- Born: Zoe Papadimitriou February 2, 1955 (age 71) Greece
- Citizenship: American
- Education: Harvard Business School
- Occupation: Business executive
- Known for: Former banking executive at Morgan Stanley
- Spouse: Ernesto Cruz (div. 2014)
- Children: 3

= Zoe Cruz =

Greek American banking executive

Zoe Cruz (born Zoe Papadimitriou on February 2, 1955) is a Greek American senior banking executive and former co-president of Morgan Stanley. Currently, she serves as Founder and CEO of Menai Financial Group.

==Early life and education==
Cruz was born Zoe Papadimitriou in Greece. At the age of 14, she and her parents moved to Massachusetts, United States. She graduated from Harvard University magna cum laude with a B.A. in Romance Languages & Literatures in 1977 and earned an MBA from Harvard Business School in 1982.

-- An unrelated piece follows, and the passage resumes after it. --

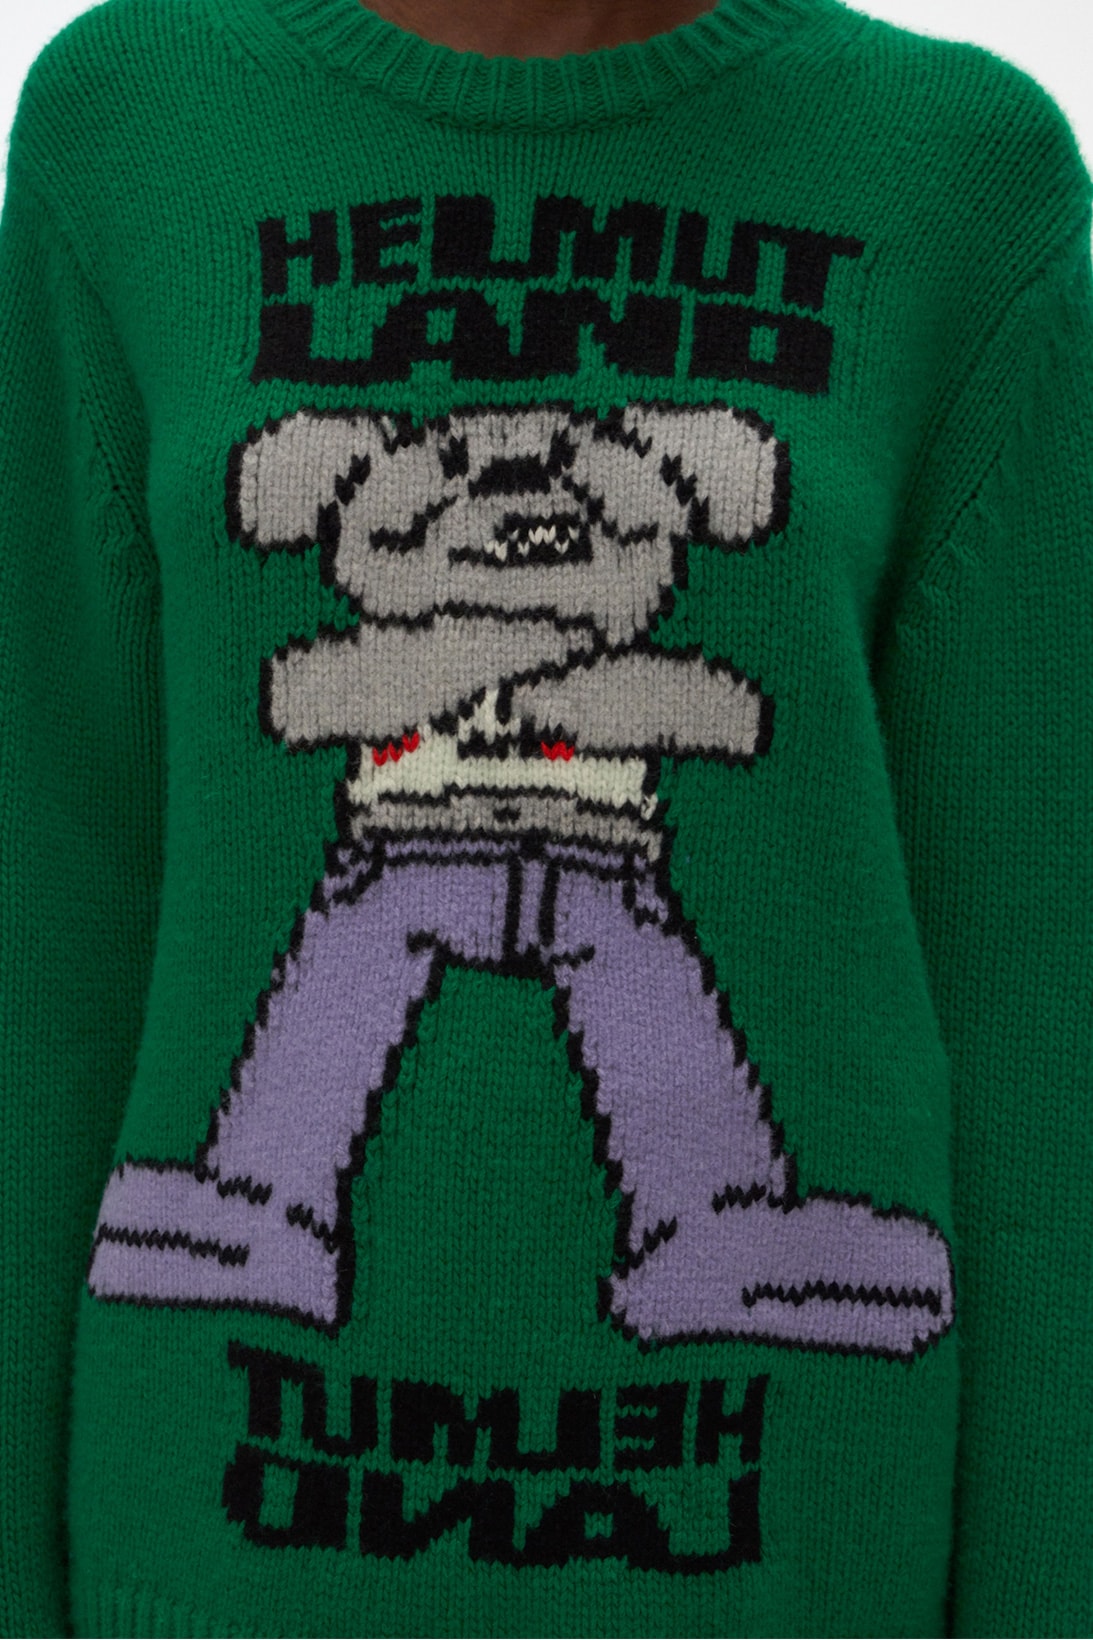 helmut lang land pz opassuksatit capsule collaboration hoodies shirts sweaters mouse head 95 rocket

Cruz is fluent in Greek, English, Spanish and French.

==Career==
In 1982, after graduating from business school and becoming a mother, Cruz was recruited by Morgan Stanley and had a 25-year tenure at the firm. She became a vice president in 1986, a Principal in 1988, and a managing director in 1990. From 2000 to 2005, she held the position of global Head of Fixed Income, Commodities and Foreign Exchange. She was appointed co-president on February 9, 2006.

In 2006, she was on the list of Forbes' 100 Most Powerful Women of the World and ranked in the #10 spot.

On November 29, 2007, Morgan Stanley announced that Cruz was resigning as co-president of the firm and that she would retire immediately.

Following Morgan Stanley, Cruz was on the board of trustees for the Harlem Children’s Zone, a nonprofit providing education and social service programs for children in New York. She also served on the Harvard College Dean’s Council, the board of directors for the Lincoln Center and as a full committee member for New York-Presbyterian Hospital.

Cruz also sat on the advisory board at Ondra Partners, an independent financial advisory firm founded in 2008.

In 2009, Cruz started hedge fund Vorás Capital Management, a macro, and credit fund. The firm was converted into EOZ Global, a single family office that invests in startups, in 2012. EOZ Global’s holdings span a number of industries, including biotech and manufacturing.

Cruz was appointed as a member of the Bowdoin College Investment Committee in 2012 and remains on the committee today.

In January 2014, Cruz, long dubbed "Cruz Missile," joined the Board of Anglo-South African financial behemoth Old Mutual as an independent non-executive director. She sat on its board of directors through 2018.

From 2016 to 2017, she was a senior advisor to regulatory consulting firm Promontory Financial Group LLC.

Cruz was appointed to the Advisory Council of the Harvard Kennedy School Center for Business and Government in 2016 and still serves on the council today.

Cruz was on the board of directors of Ripple from 2017 to 2019.

In 2018, Cruz was appointed a non-executive director and member of Man Group’s Board and Remuneration Committee, and she maintains these positions with the company to date.

In 2020, Cruz founded Menai Financial Group, a firm that provides institutional-grade investment products, market making services and infrastructure for the digital asset space.

==Accolades==
In 2015, Cruz was named one of Fortune’s “Most Powerful Women in Business”, and was recognized by The Wall Street Journal as a businesswoman “In Line to Lead.” She was named one of Forbes’ “Most Powerful Women” in 2005, 2006 and 2007. Cruz was named as the highest paid woman by Fortune in 2006, with total compensation of $30 million. In 2007, she was recognized as one of The Wall Street Journal’s “50 Women to Watch in Business,” one of Fortune’s “6 CEOs to Be” and “Power 50”, and one of American Banker’s “Most Powerful Women’s in Finance.” She has also been named one of Crain’s New York’s “Most Powerful Women.”

In 2025, Cruz was featured in the Forbes' 50 Over 50: Investment list.